How-to guides
This section walks the user through specific steps for solving a real-world problem.
Table of contents
Generate code skeletons for projects, plugins, components, etc
Work with factory metadata for collecting statistics, etc
Create a service which can be shared between different plugins
Handle both real and simulated data
Handle EPICS data
Use JANA with ROOT
Persist the entire DST using ROOT
Checkpoint the entire DST using ROOT
Build and filter events (“L1 and L2 triggers”)
Process subevents
Migrate from JANA1 to JANA2
Building JANA
First, set your $JANA_HOME
environment variable. This is where the executables, libraries, headers, and plugins get installed. (It is also where we will clone the source). CMake will install to $JANA_HOME
if it is set (it will install to ${CMAKE_BINARY_DIR}/install
if not). Be aware that although CMake usually defaults CMAKE_INSTALL_PREFIX
to /usr/local
, we have disabled this because we rarely want this in practice, and we don’t want the build system picking up outdated headers and libraries we installed to /usr/local
by accident. If you want to set JANA_HOME=/usr/local
, you are free to do so, but you must do so deliberately.
Next, set your build directory. This is where CMake’s caches, logs, intermediate build artifacts, etc go. The convention is to name it build
and put it in the project’s root directory.
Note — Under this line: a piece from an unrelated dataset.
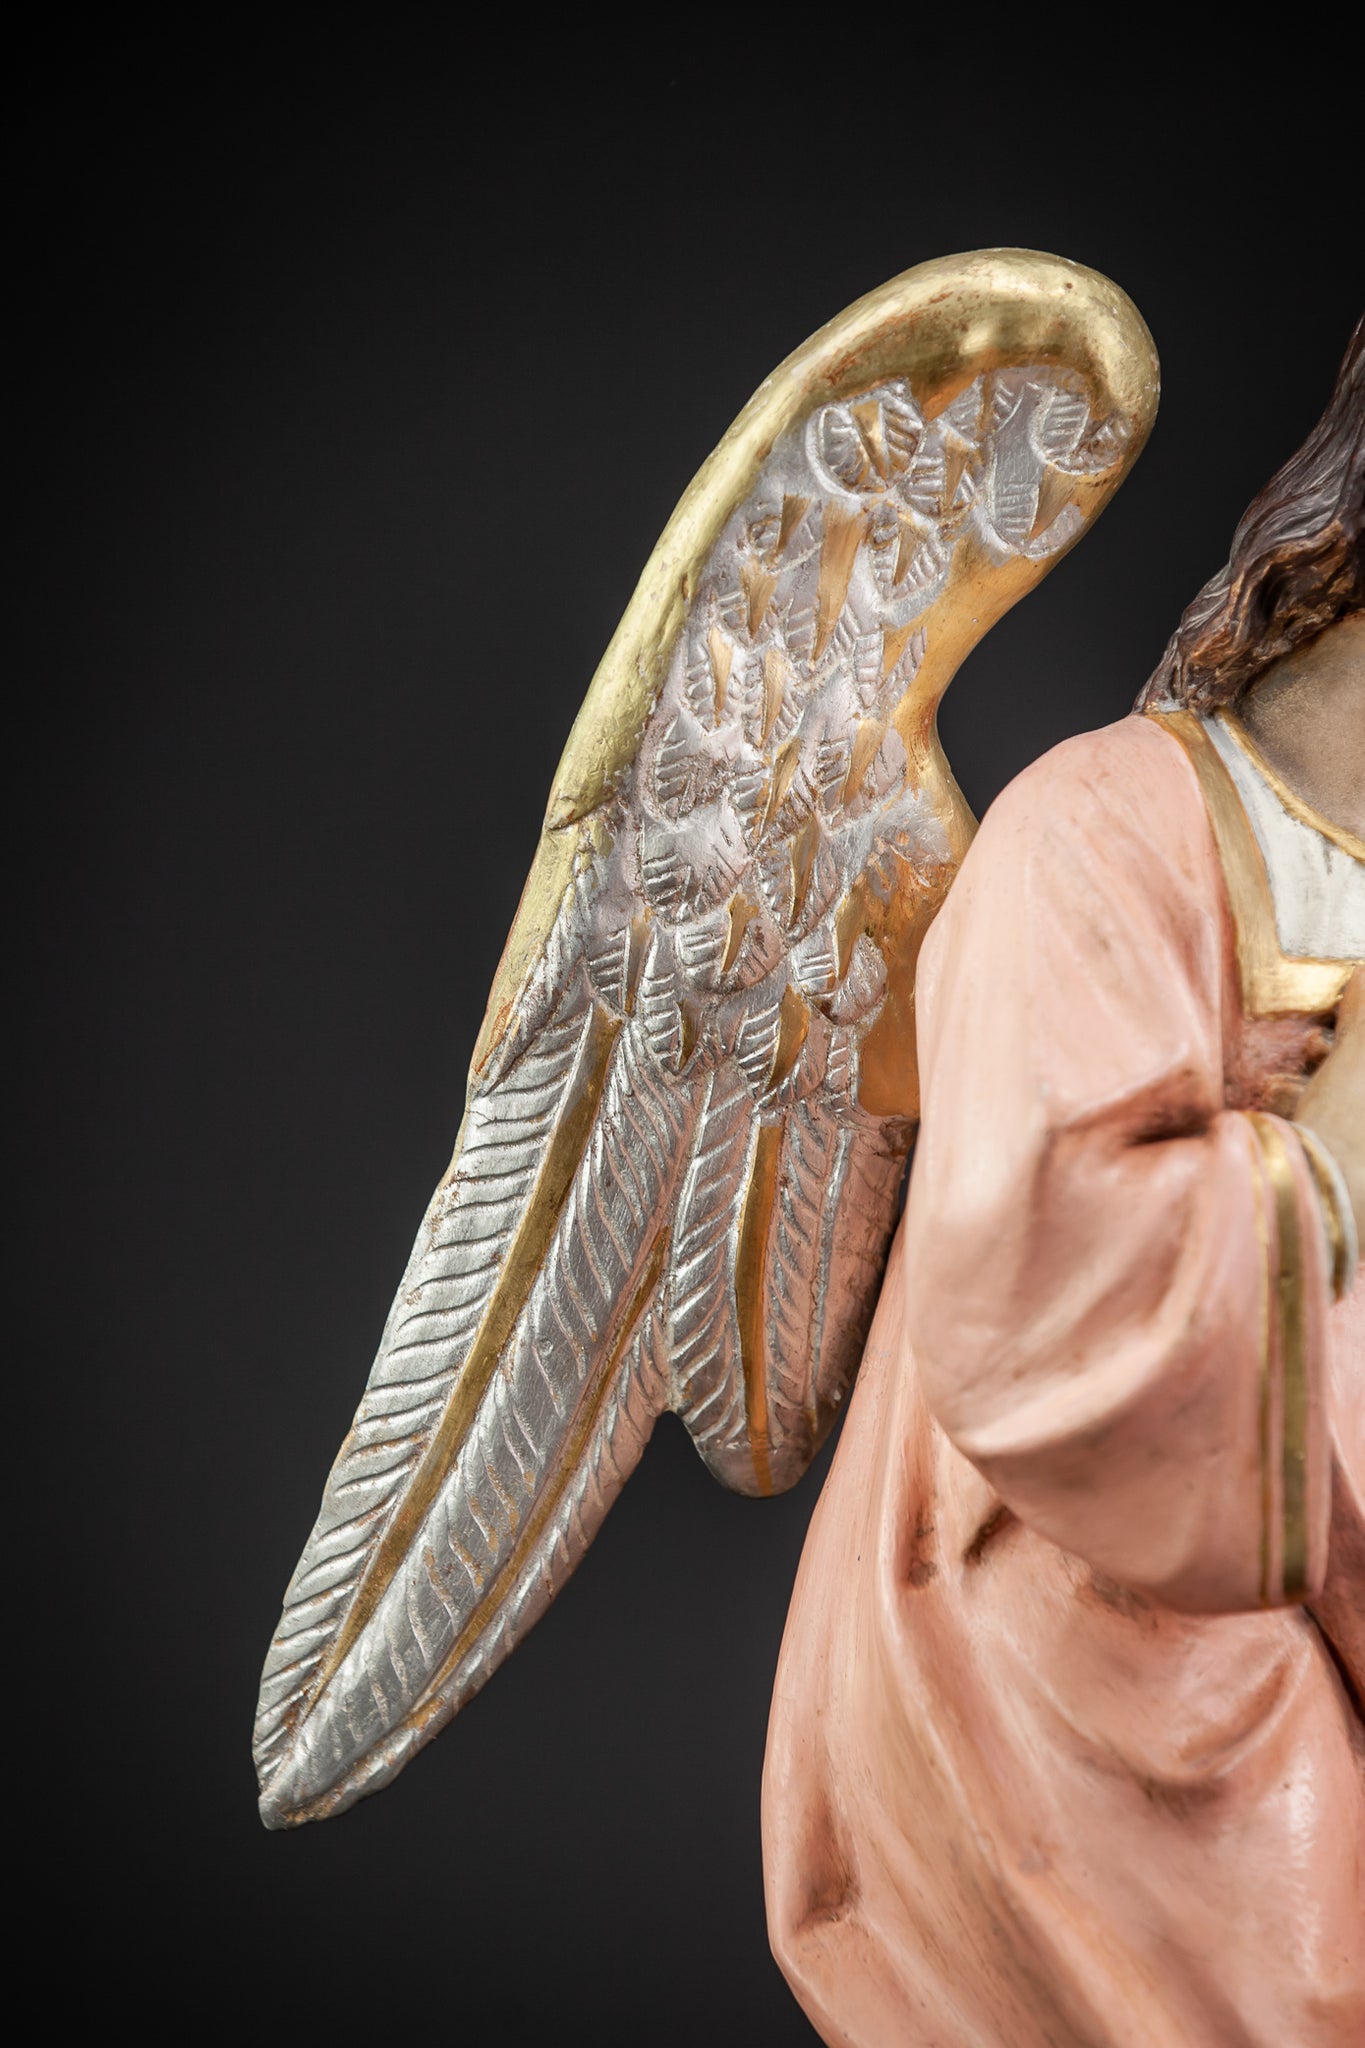 Pair of Antique Wooden Altar Angels | 18.3"

If you are using CLion, it will automatically create a cmake-build-debug
directory which works just fine.
Finally, you can cd into your build directory and build and install everything the usual CMake way.
export JANA_VERSION=v2.0.5 # Convenient to set this once for specific release
export JANA_HOME=${PWD}/JANA${JANA_VERSION} # Set full path to install dir
git clone https://github.com/JeffersonLab/JANA2 --branch ${JANA_VERSION} ${JANA_HOME} # Get JANA2
mkdir build # Set build dir
cd build
cmake3 ${JANA_HOME} # Generate makefiles # Generate makefiles
make -j8 install # Build (using 8 threads) and install
source ${JANA_HOME}/bin/jana-this.sh # Set PATH (and other envars)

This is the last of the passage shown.